**WHAT IS BEING ASKED**
Using the records below, return exactly the lines from the one containing "dsquared jeans india - 55% remise" through the last, and omit pictures.

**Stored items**
◆ ◆ ◆

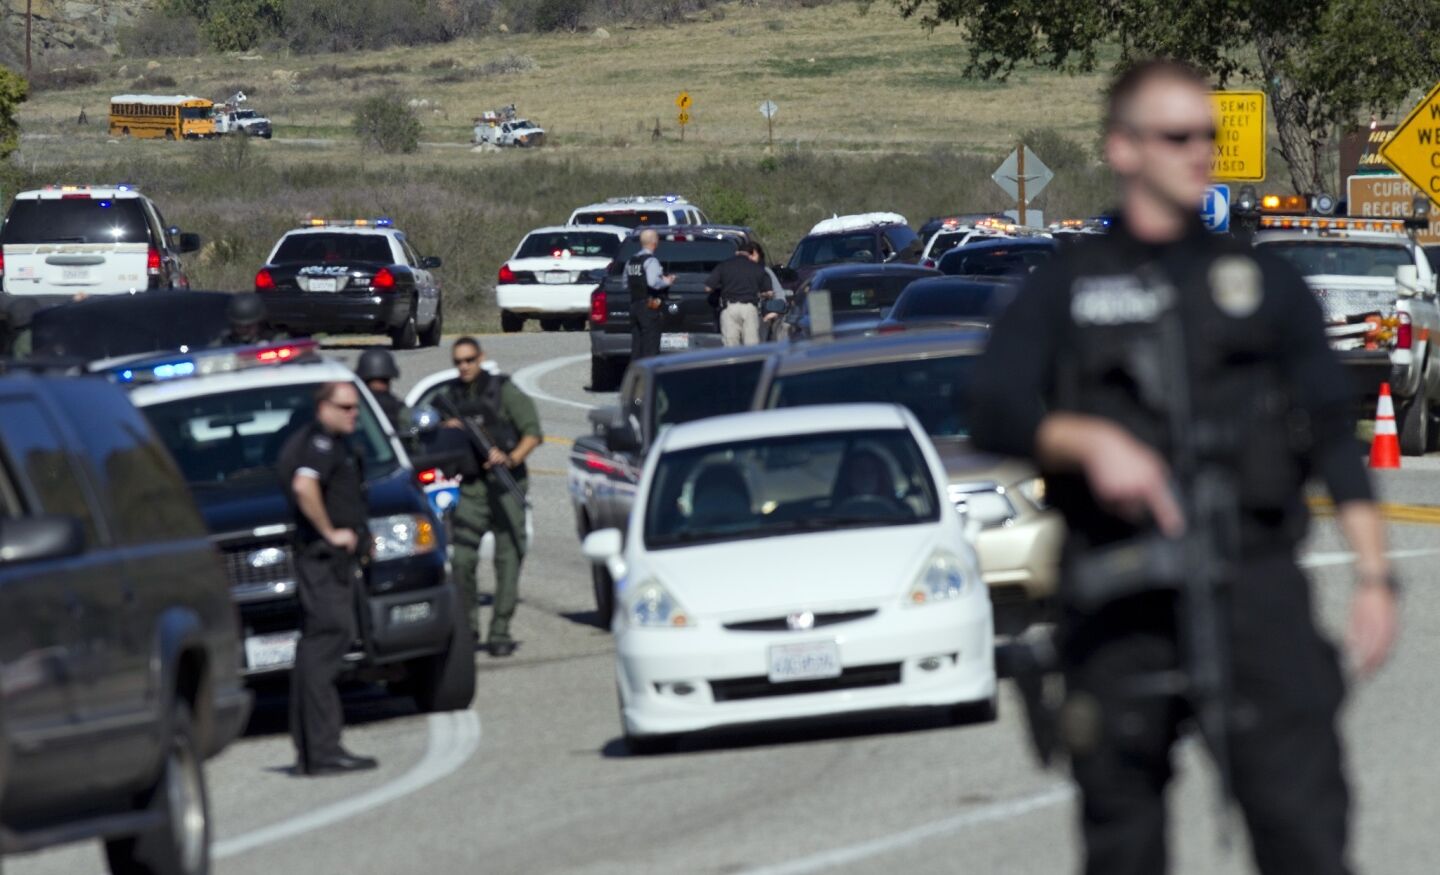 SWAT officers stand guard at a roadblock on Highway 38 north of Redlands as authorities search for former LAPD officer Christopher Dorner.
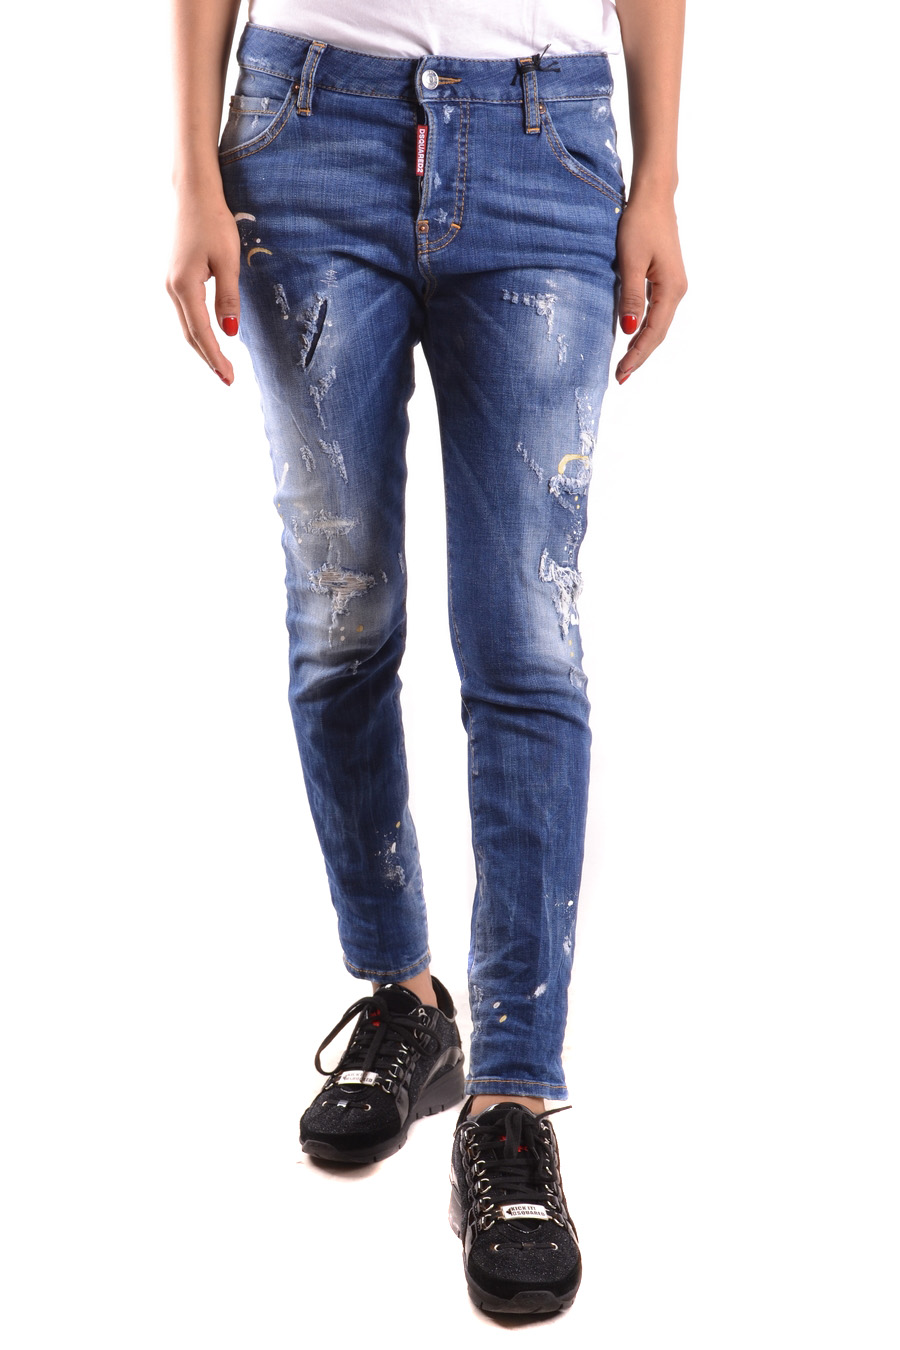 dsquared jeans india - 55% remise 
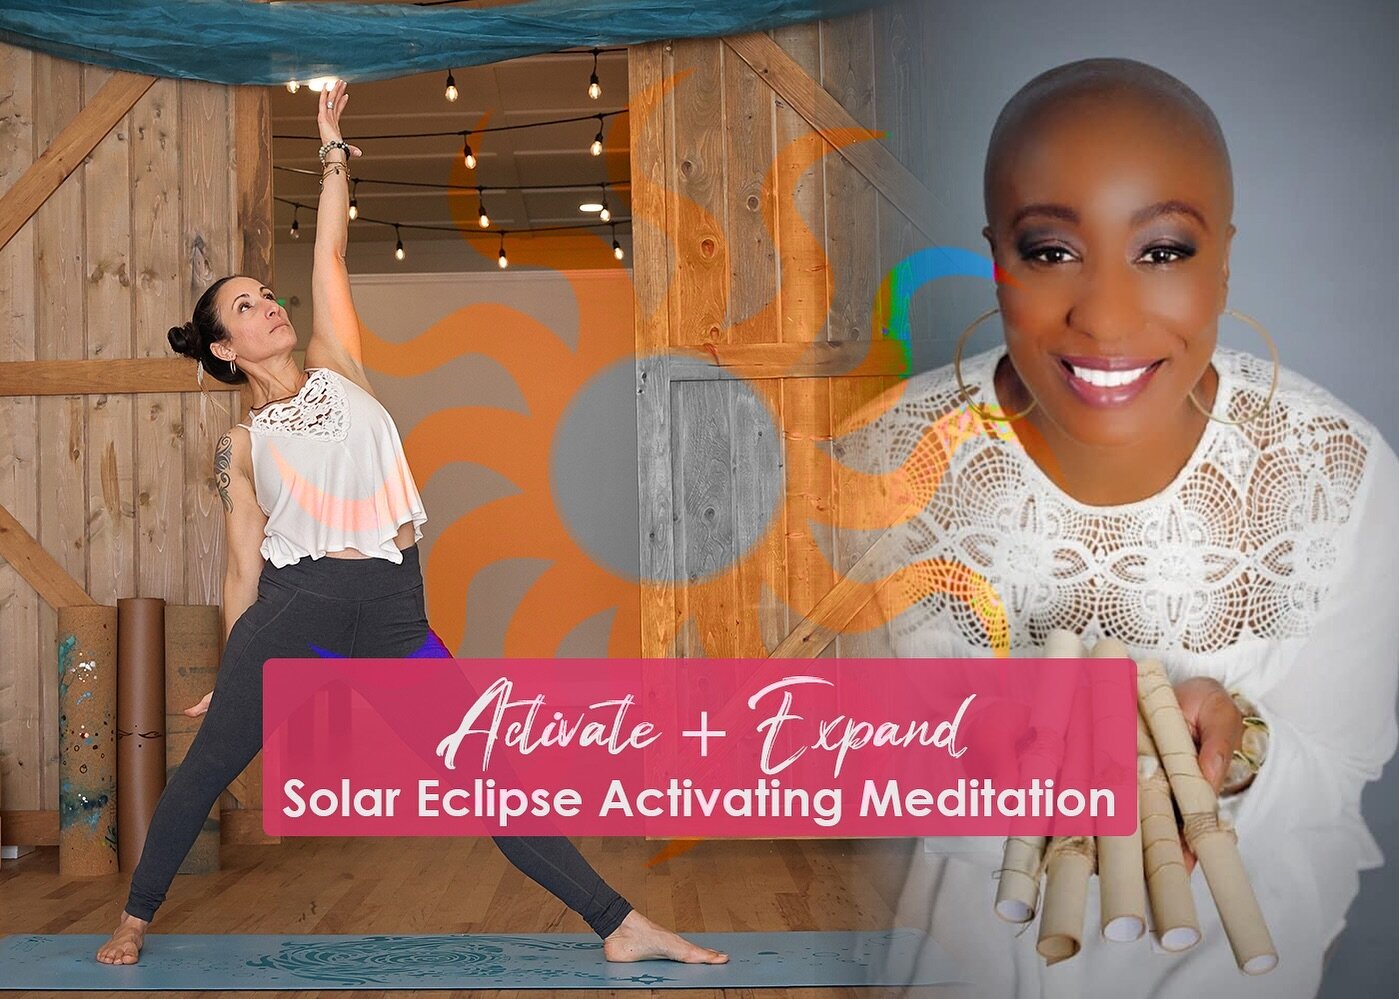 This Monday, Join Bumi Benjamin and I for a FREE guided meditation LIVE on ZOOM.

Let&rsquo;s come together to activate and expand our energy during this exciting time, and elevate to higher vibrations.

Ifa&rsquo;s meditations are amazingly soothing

◆ ◆ ◆

**FINISHED EXERCISE**
 dsquared jeans india - 55% remise 
 This Monday, Join Bumi Benjamin and I for a FREE guided meditation LIVE on ZOOM.

Let&rsquo;s come together to activate and expand our energy during this exciting time, and elevate to higher vibrations.

Ifa&rsquo;s meditations are amazingly soothing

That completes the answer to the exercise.